16 horas após a segunda transdução, remova o vírus contendo supernaca e incuba as células em DMEM completo por 24 horas. Ao final da incubação, relate o conteúdo de cada poço em gelatina individual revestida de 100 milímetros de cultura de tecido tratada pratos tratados com DMEM completo para um volume final de 10 mililitros de médio por prato, e retornar as células para a incubadora de cultura celular. Após seis dias, substitua o supernaente por DMEM completo complementado com doxiciclina.
Devolva as culturas à incubadora por mais dois dias. Como demonstram essas parcelas representativas da citometria, aproximadamente 17% das células reprogramadas expressam TANTO CD49f quanto CD9 após 25 dias de reprogramação. A maioria das células duplas positivas expressa CD143 e uma pequena população expressa CD34, sugerindo uma indução dinâmica do destino hemogênico.
Estes marcadores não são ativados em fibroblastos dérmicos humanos transduzidos M2rtTA cultivados por 25 dias. A imagem de imunofluorescência confirma a expressão de CD9 e CD143 em células aderentes e redondas que são morfologicamente distintas dos fibroblastos, que são negativos para esses marcadores.
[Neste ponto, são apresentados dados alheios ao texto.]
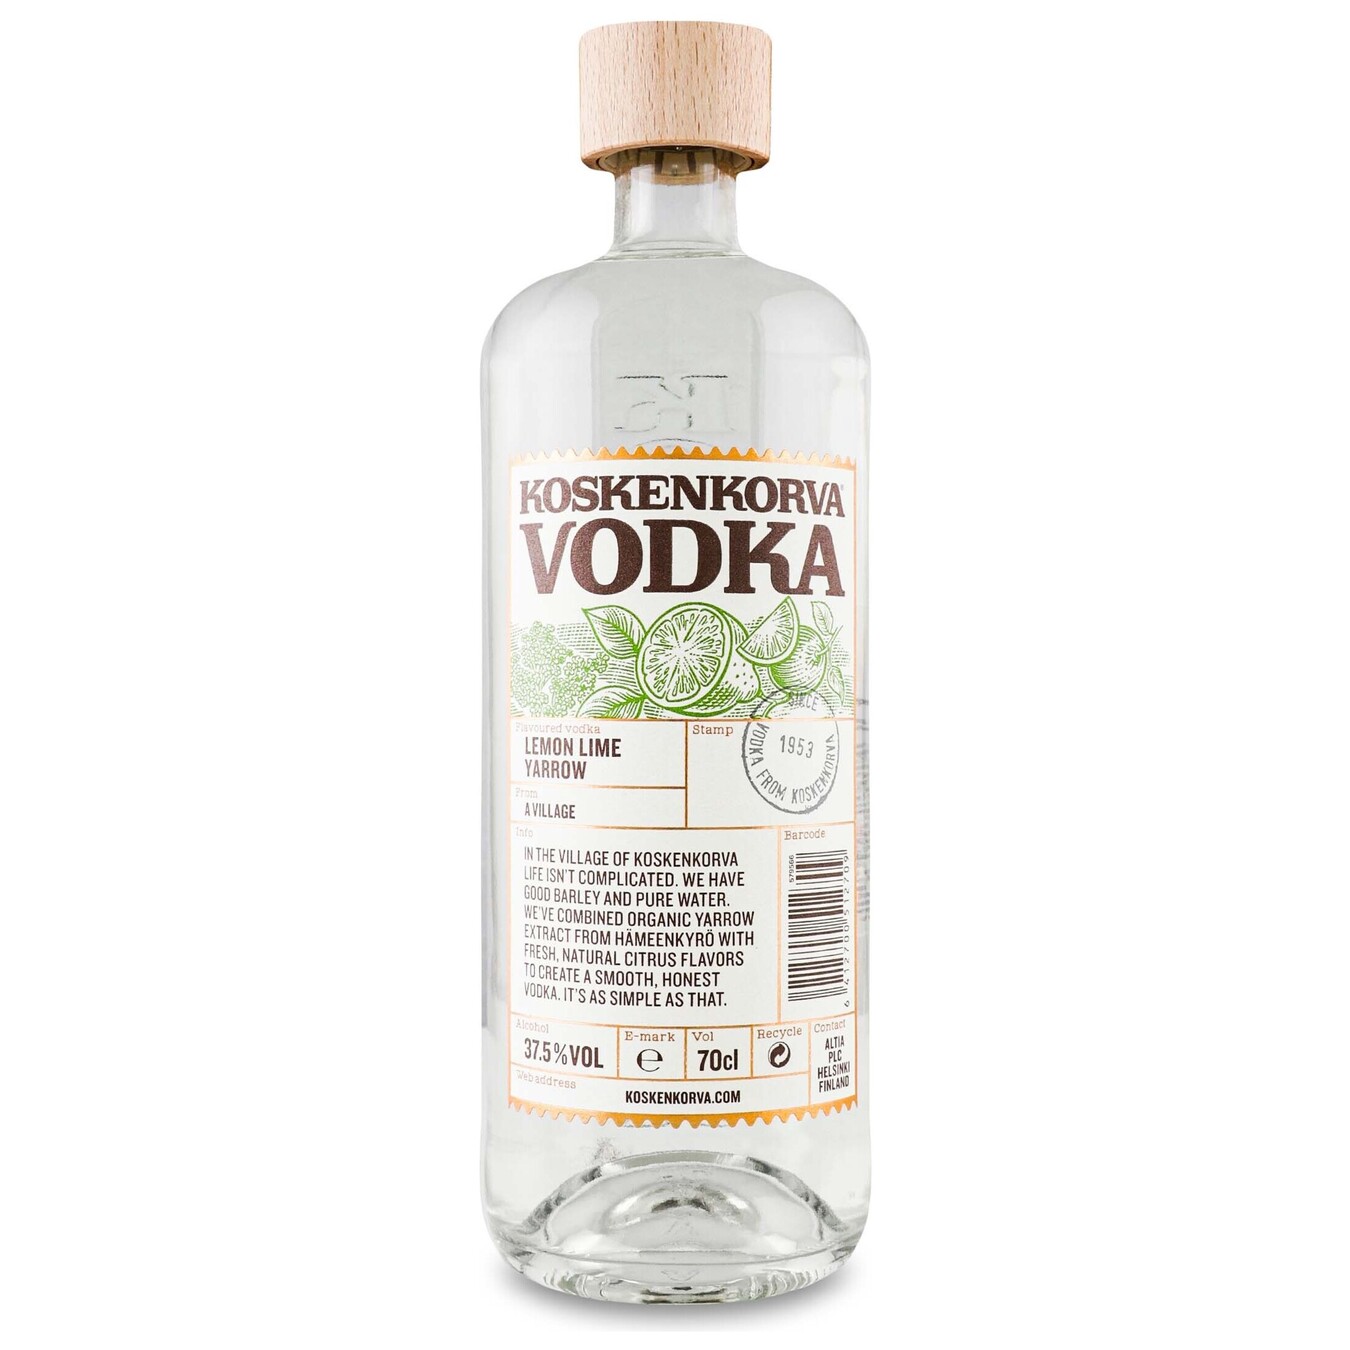 Vodka Koskenkorva Lemon Lime Yarrow 37.5% 0.7l
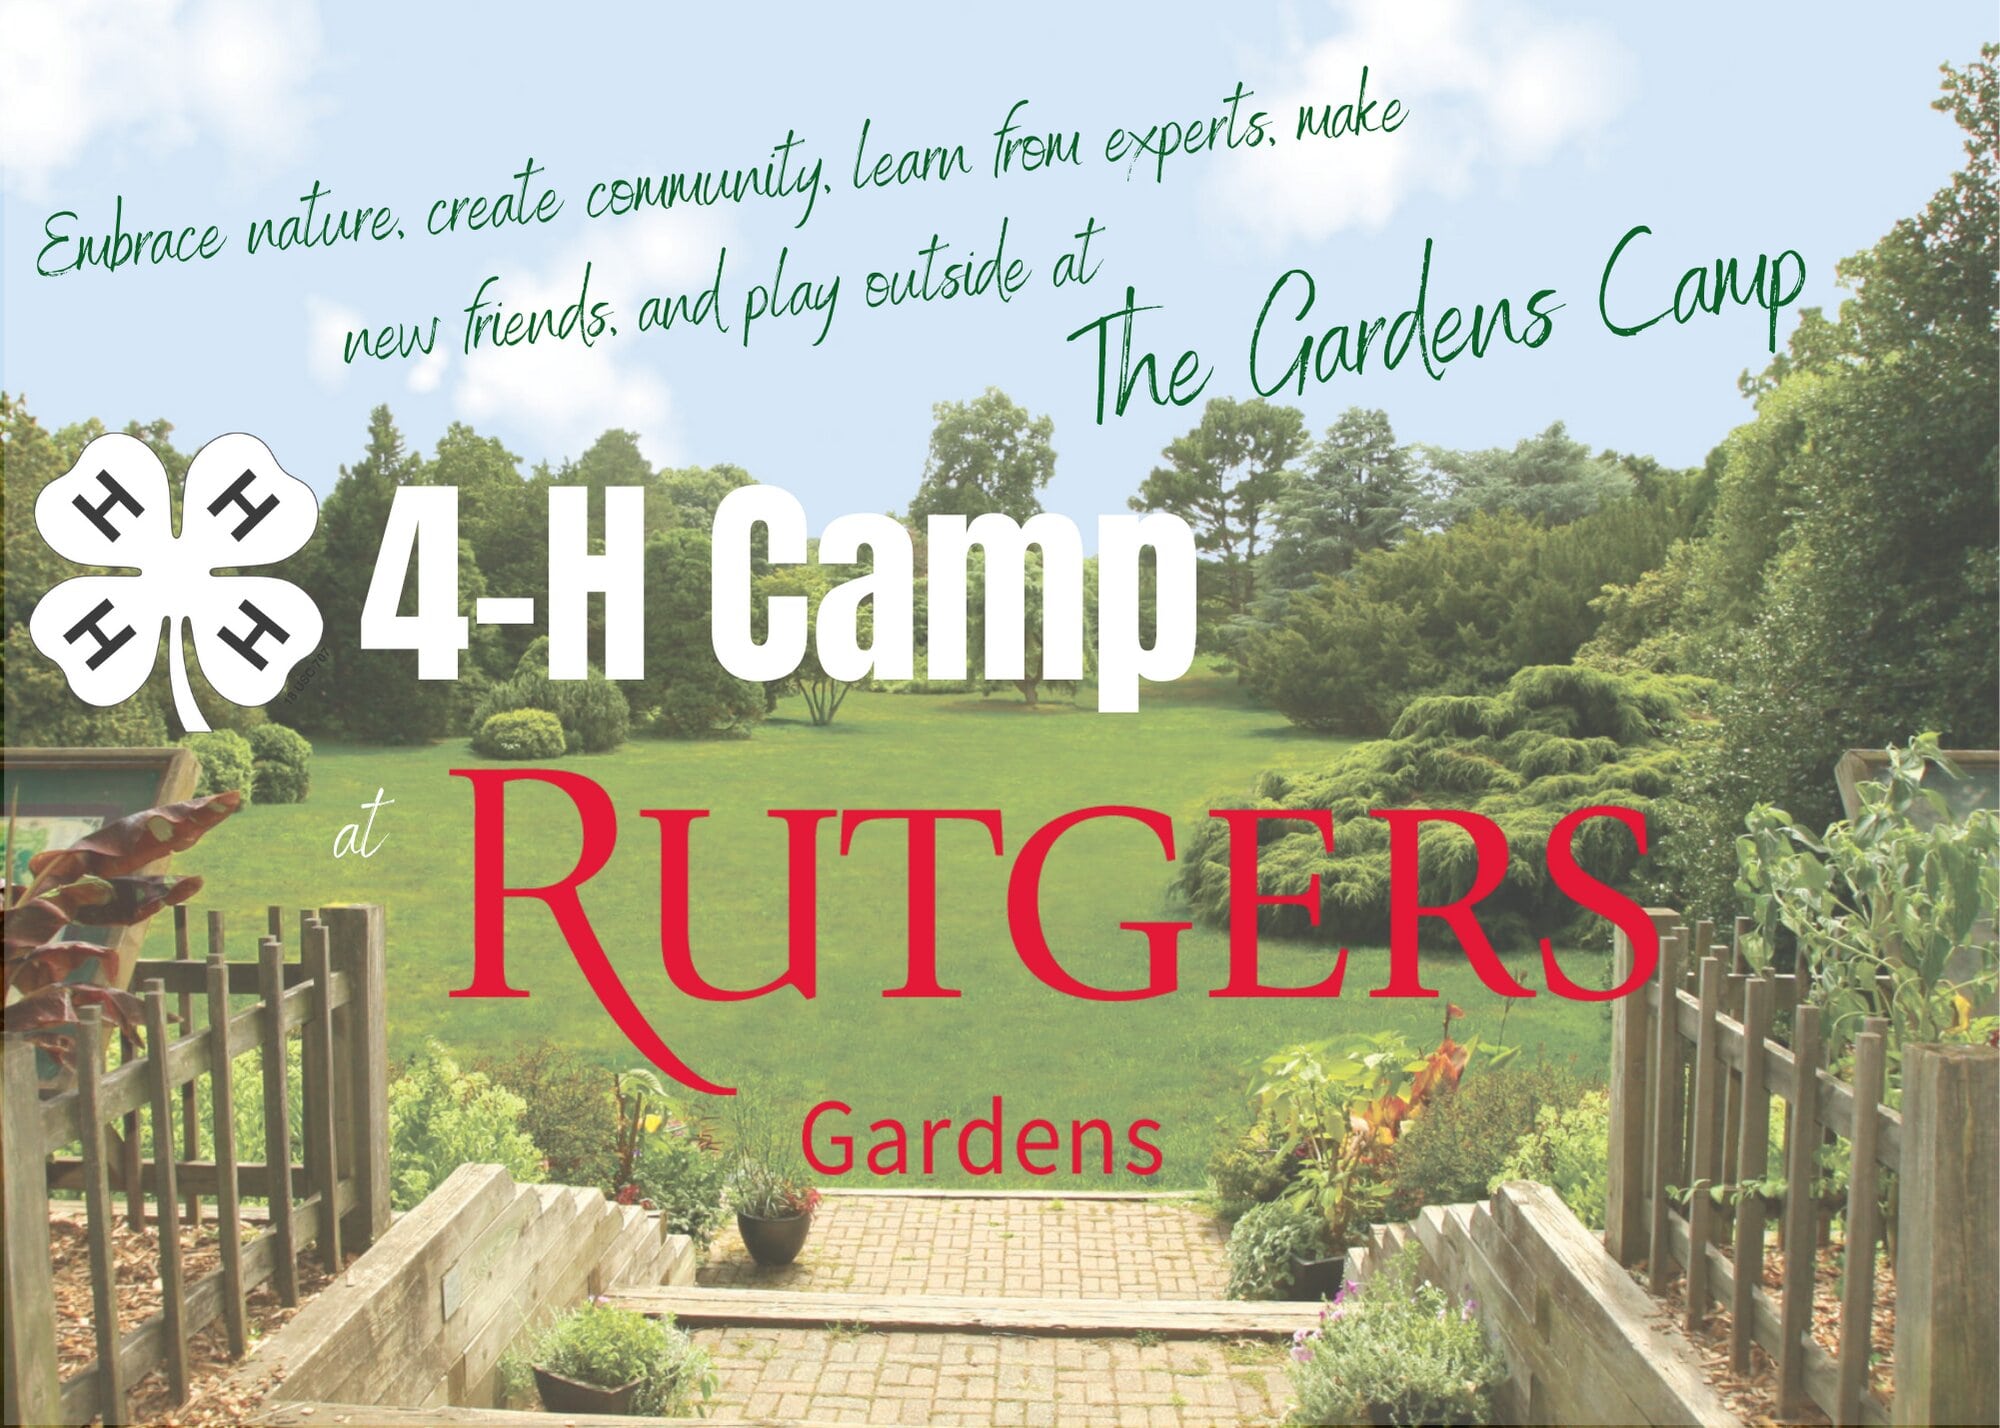 Rutgers Gardens

A imagem brightfeild é realizada para visualizar a confluência celular, a morfologia e a formação de colônias durante todo o processo de reprogramação.
A análise de sequenciamento de RNA unicelular de células reprogramadas revela um aumento escalonado na expressão CD49f, CD9 e CD143 dos dias dois para 25. Após o sequenciamento da imunoprecipitação de cromatina, os perfis do Navegador genoma mostram a vinculação gata2 às regiões regulatórias genômicas de ITGA6 e ACE quando os fibroblastos são coduzidos com os três fatores ou GATA2 individualmente. O volume de partículas antivirais adicionadas à cultura deve ser otimizado para uma reprogramação bem sucedida sem comprometer a viabilidade celular.
Esta plataforma pode ser acoplada com inibição farmacológica e tecnologias de triagem em escala de genoma, como o CRISPR-Cas9, para definir novos reguladores da hematopoiese definitiva humana. Essa abordagem de reprogramação direta permitirá aos pesquisadores explorar novas questões no campo da hematopeiese do desenvolvimento humano e decifrar mecanismos subjacentes à especificação das células-tronco hematopoiéticas humanas. É importante realizar coletas e transduduções antivirais em um capô de fluxo laminar dedicado ao trabalho lentiviral e descartar resíduos contaminados virais em um recipiente apropriado.